Now, we can try our machine learning task on the imputed data, and compare how a model performs seeing imputed vs. original data.

from sklearn.ensemble import RandomForestRegressor
from sklearn.model_selection import ShuffleSplit, cross_val_score

def variance_explained(est, X, y):
    preds = est.predict(X)
    return 1 - np.var(preds.ravel() - y.ravel()) / np.var(y.ravel())

rfr = RandomForestRegressor(n_estimators=1000)

cv = ShuffleSplit(n_splits=5)
scores_ori = cross_val_score(rfr, X, y, cv=cv, scoring=variance_explained, n_jobs=-1)

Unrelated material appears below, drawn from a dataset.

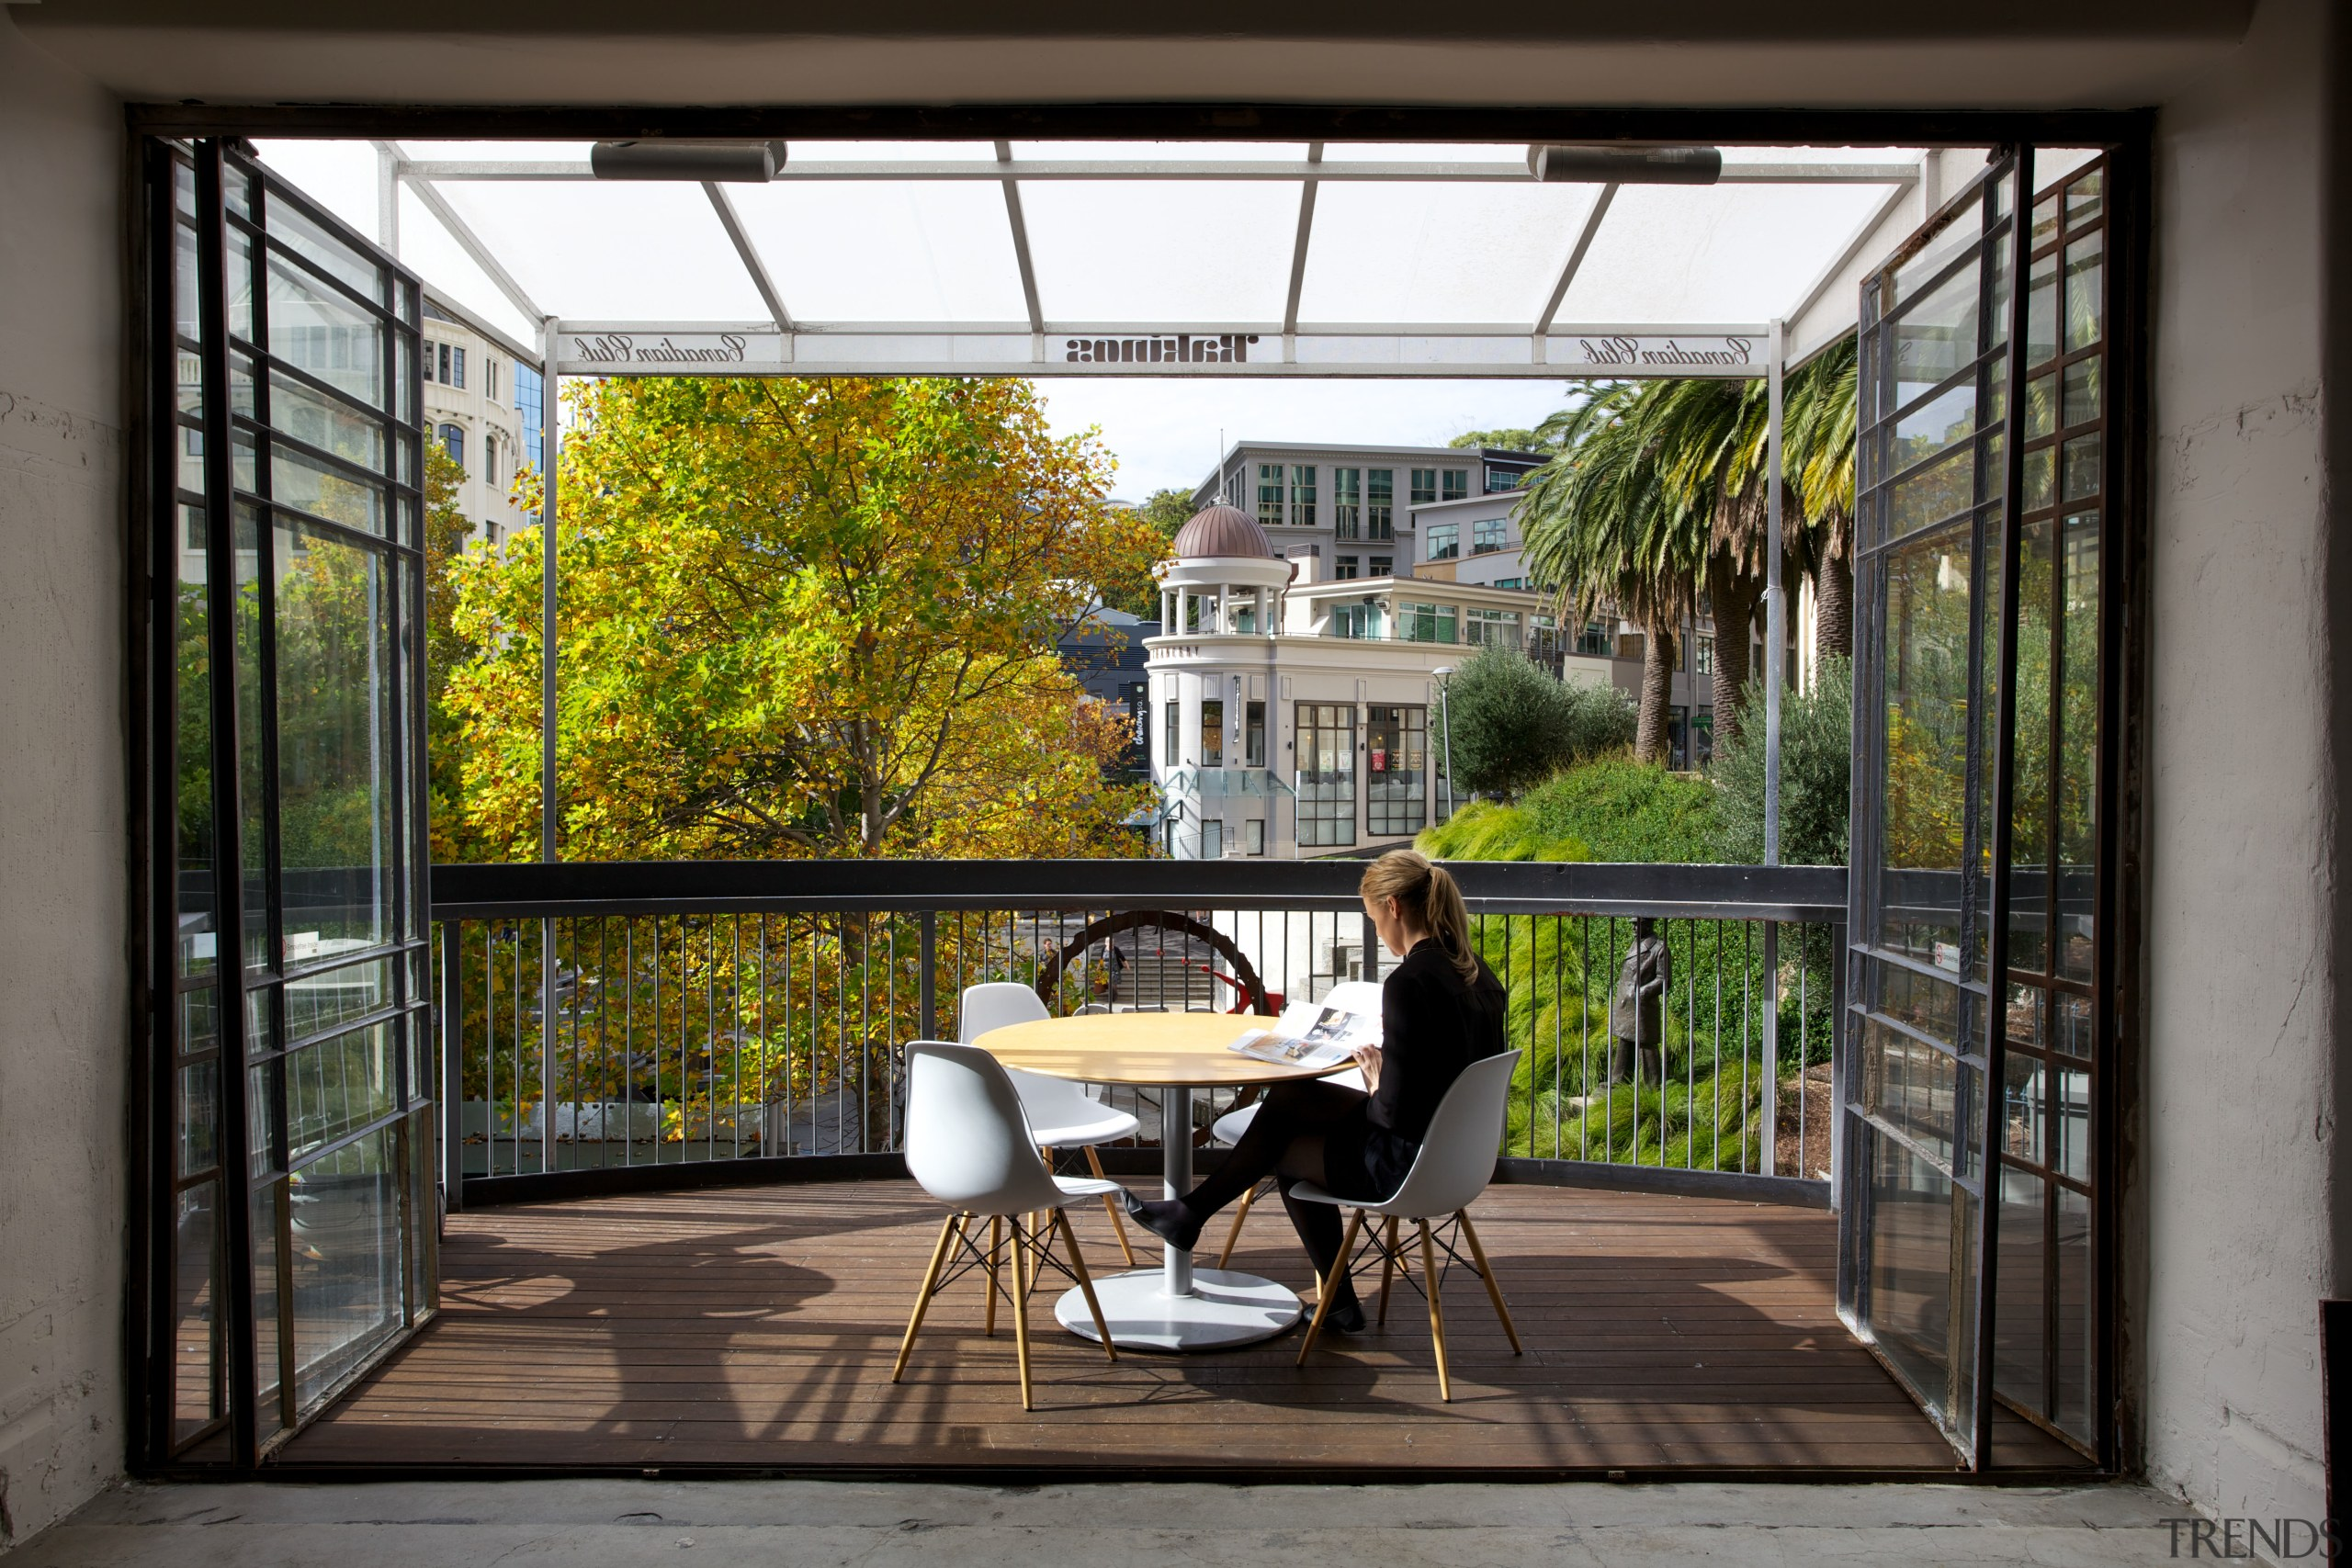 Steel doors open up to the Gaze office architecture, balcony, courtyard, door, house, outdoor structure, real estate, window, black, gray

scores_imp = cross_val_score(
    rfr, X, data_imp, cv=cv, scoring=variance_explained, n_jobs=-1
)

import pandas as pd

scores_df = pd.DataFrame({"original": scores_ori, "imputed": scores_imp,}).melt(
    var_name="data", value_name="model_variance_explained"
)

import seaborn as sns

sns.boxplot(data=scores_df, x="data", y="model_variance_explained")
plt.show()

A variance explained of 0.7 means that the residuals were only about 30% of the range of the data. For a model involving synthetic data, that is poor, but for biological data, that is pretty darn amazing.

In a practical setting where any predicted numbers above the truncated values are meaningful only in the sense that "beyond truncation point" == "one meaning", this method allows us to stay within the regression context.

One has to take care when interpreting prediction values beyond the truncation point. In light of imputation, any predicted values beyond the imputation point can only be treated as "possibly beyond the imputation point", and they carry the same meaning as any other data point beyond the truncation point - "high".